» **SOURCE INFORMATION**:
--- START ---
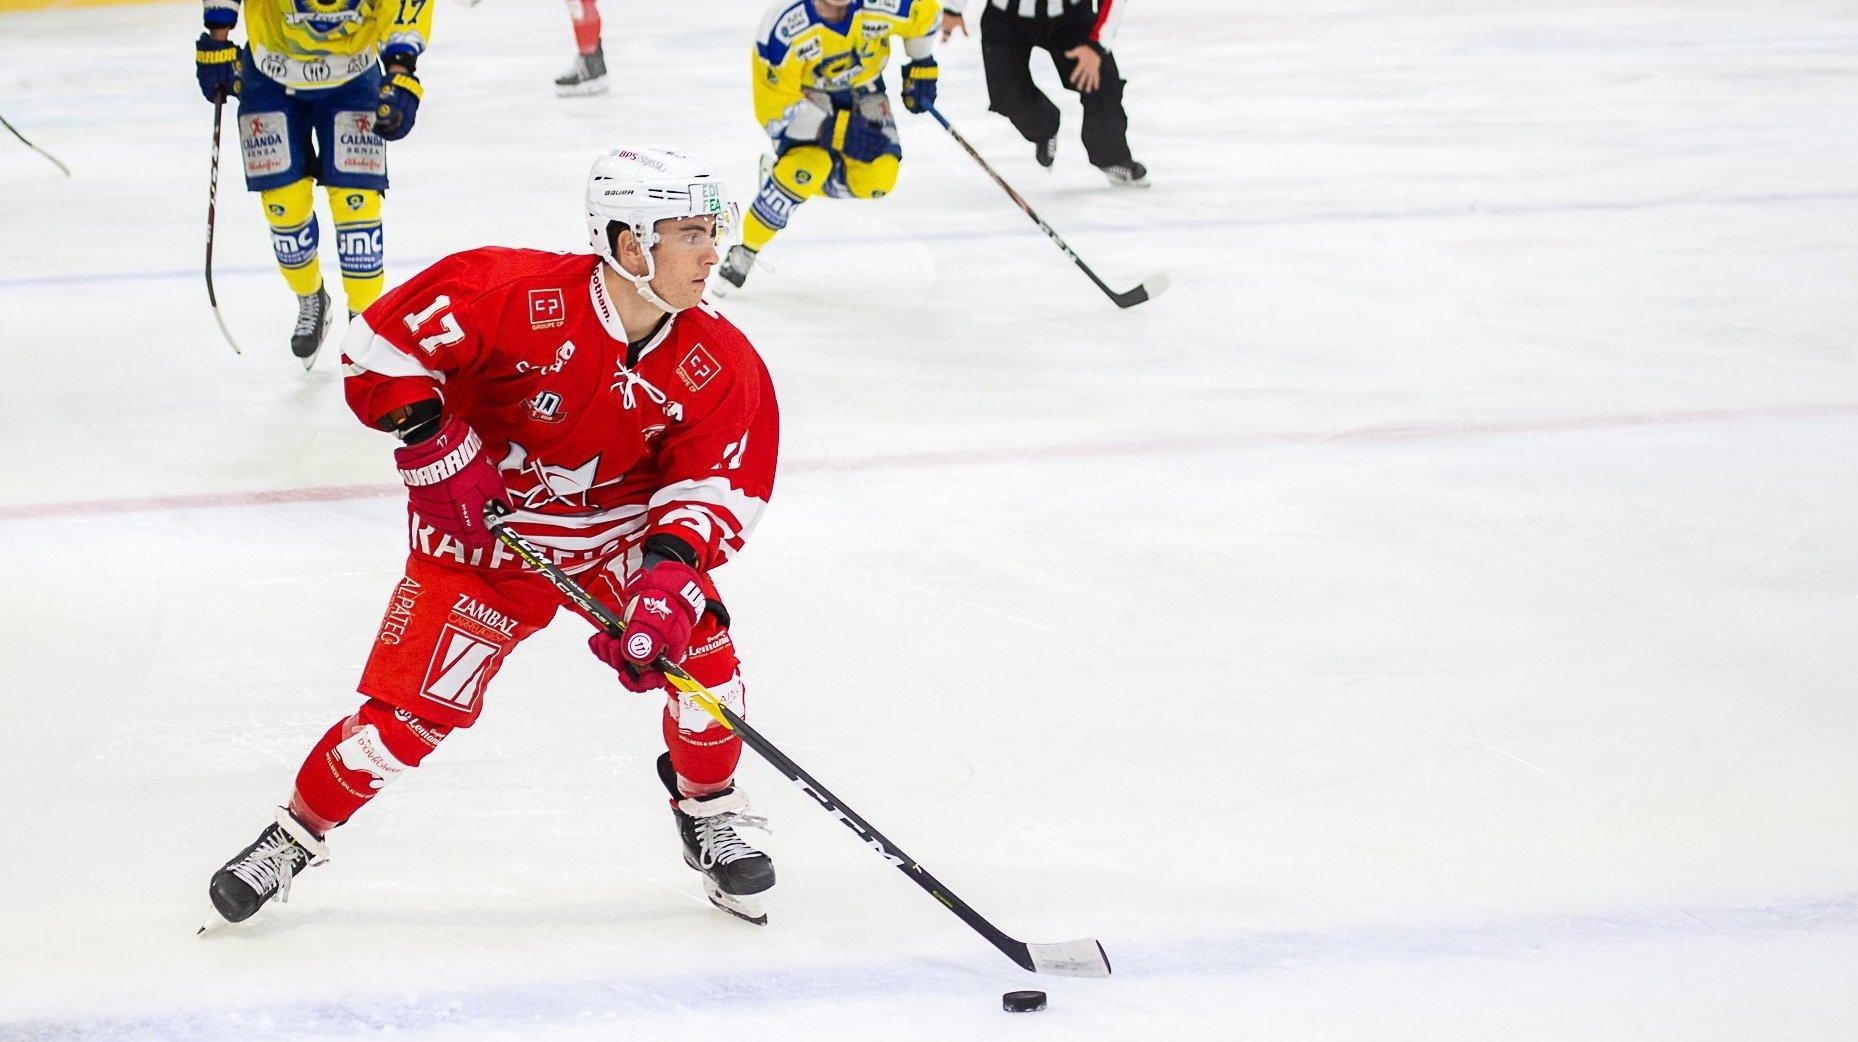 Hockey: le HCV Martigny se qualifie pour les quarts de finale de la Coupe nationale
--- END ---
--- START ---
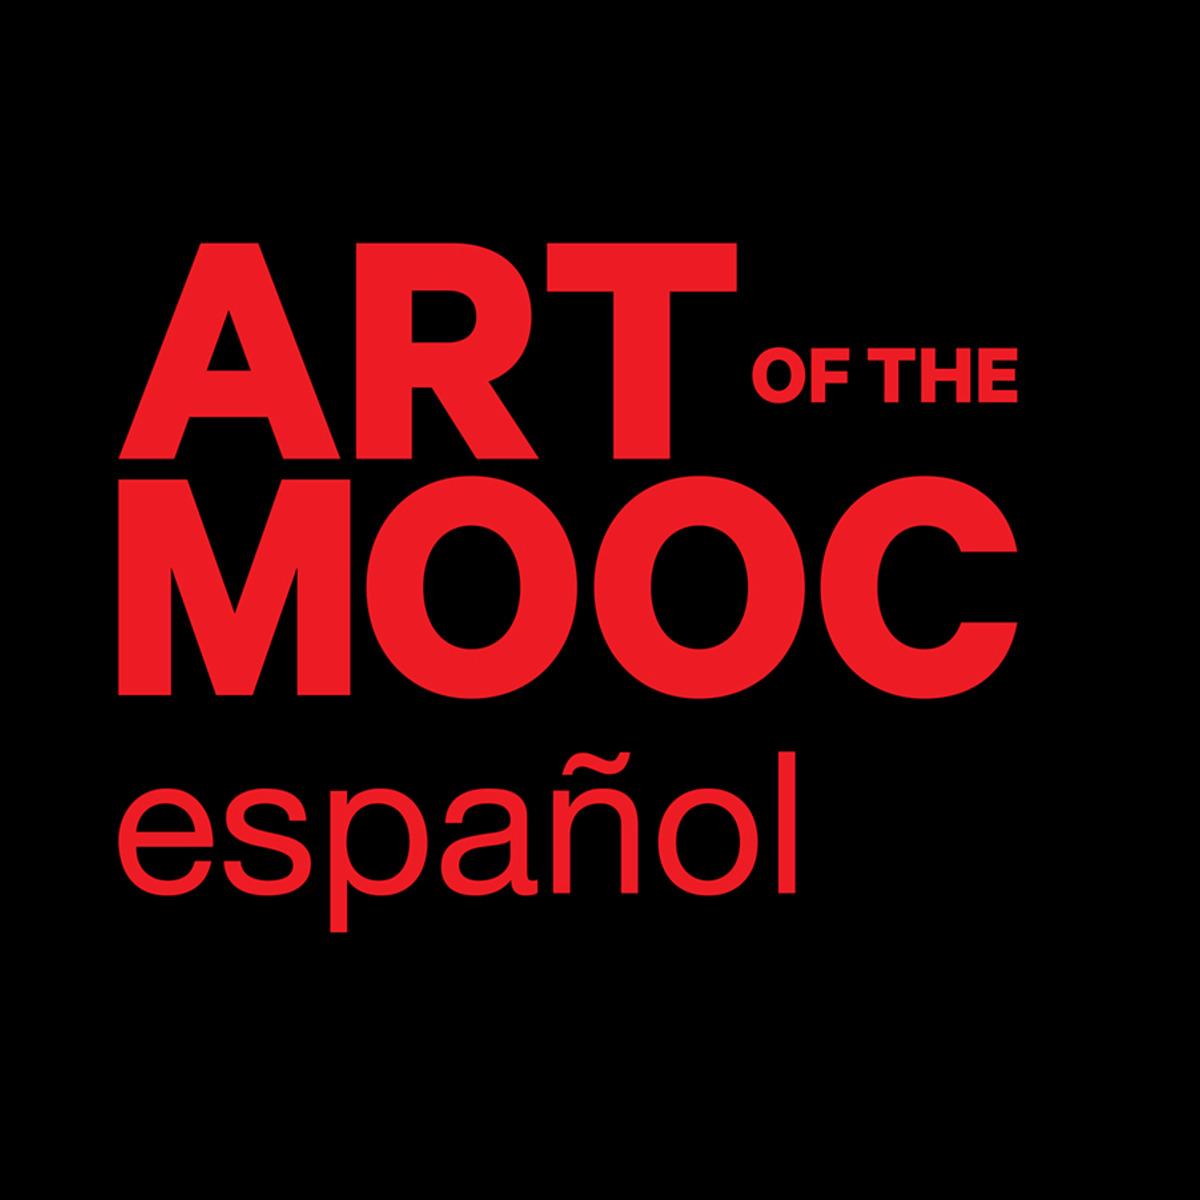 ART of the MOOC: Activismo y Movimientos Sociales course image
--- END ---
--- START ---
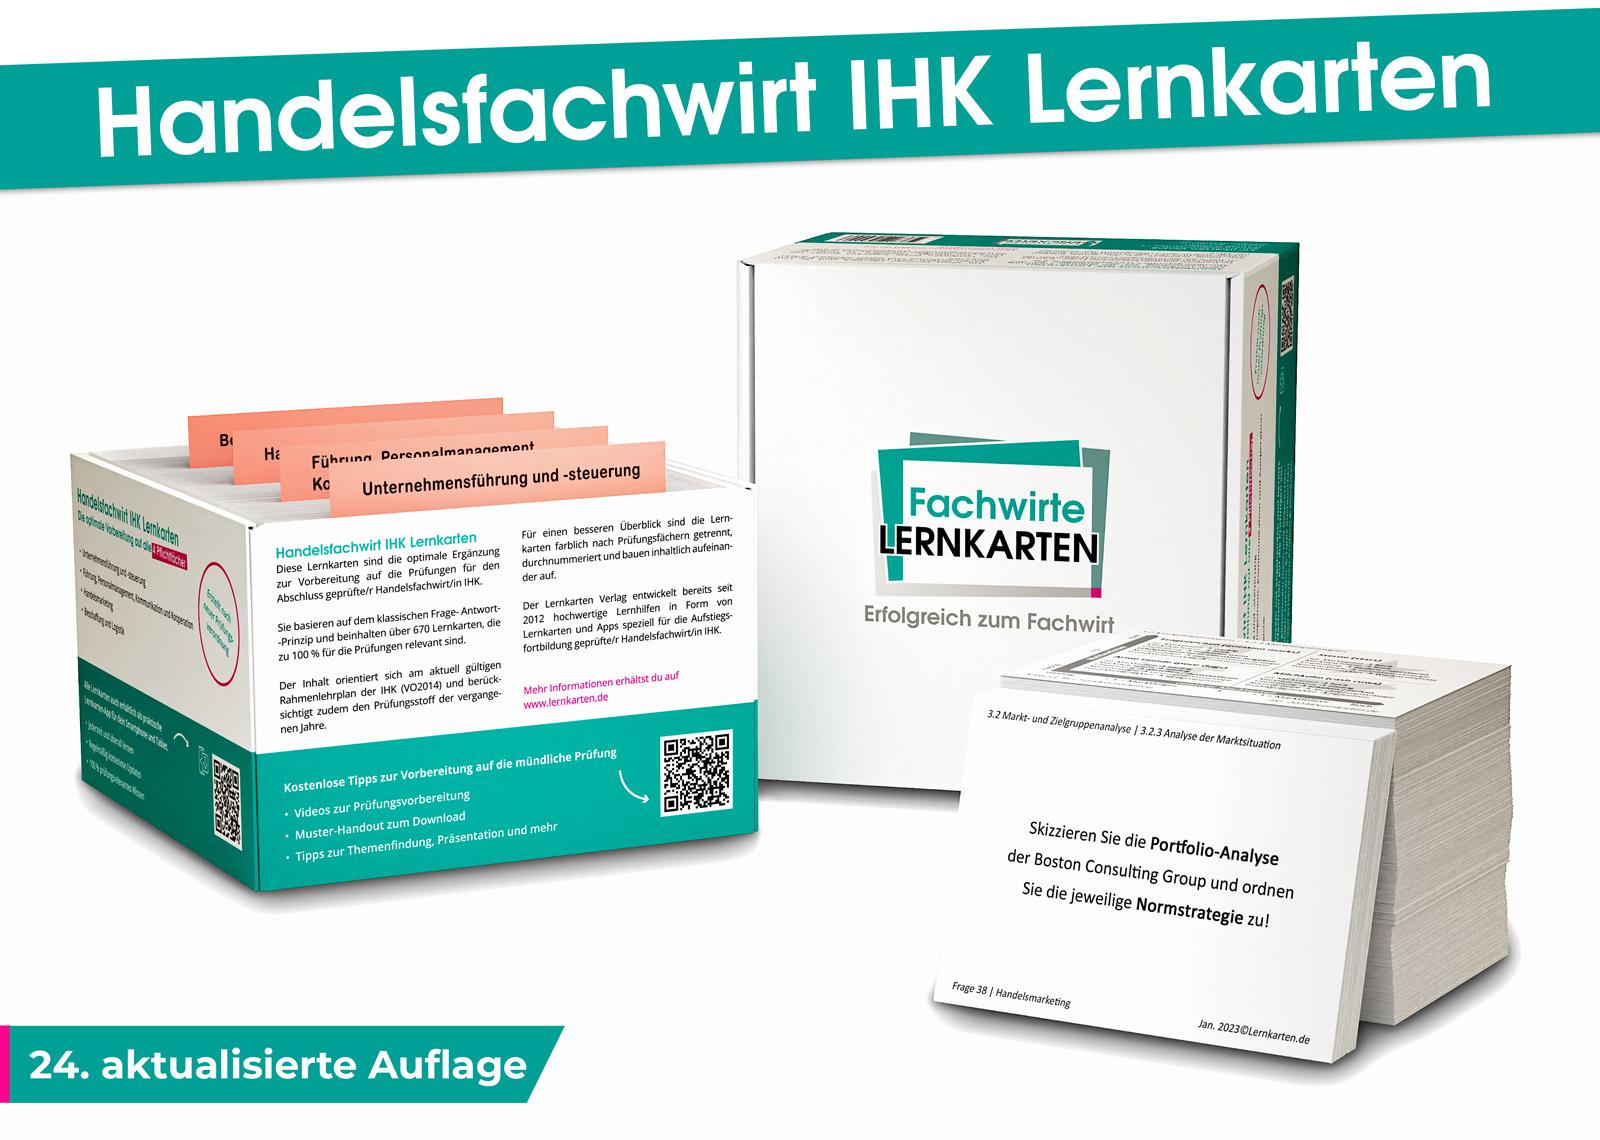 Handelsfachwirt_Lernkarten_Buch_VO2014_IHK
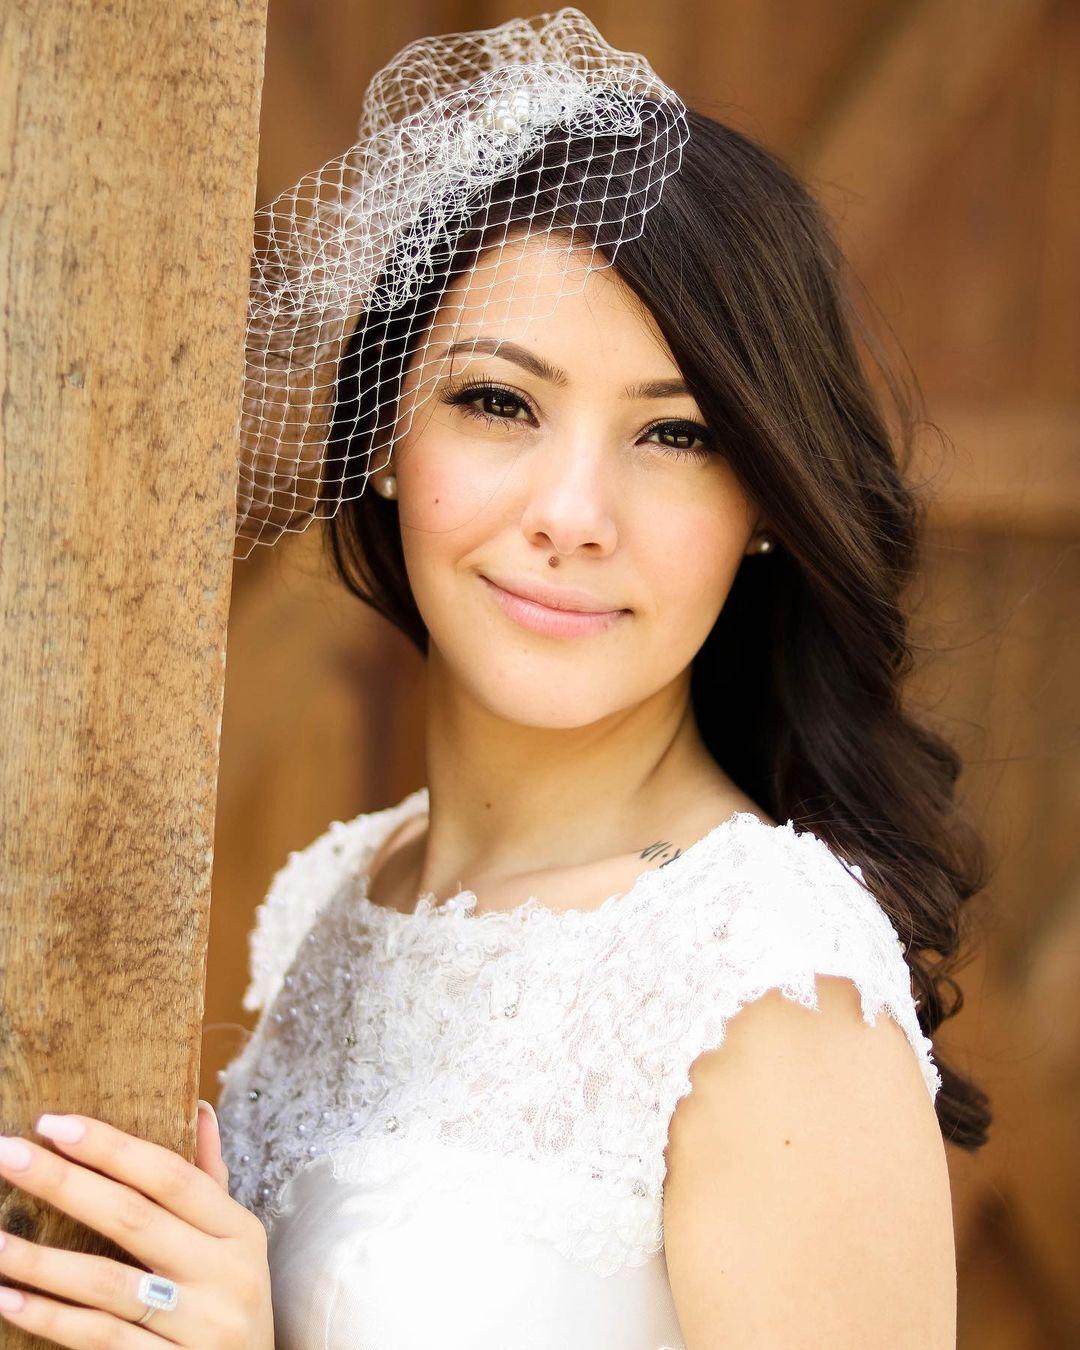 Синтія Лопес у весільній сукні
--- END ---
» **WHAT YOU WILL DO**:
Extract the part of the records that opens with the line containing "Handelsfachwirt_Lernkarten_Buch_VO2014_IHK" and closes with the line containing "Синтія Лопес у весільній сукні". Take only those lines, exactly, and no pictures.

» **ANSWER BOX**:
 Handelsfachwirt_Lernkarten_Buch_VO2014_IHK
 Синтія Лопес у весільній сукні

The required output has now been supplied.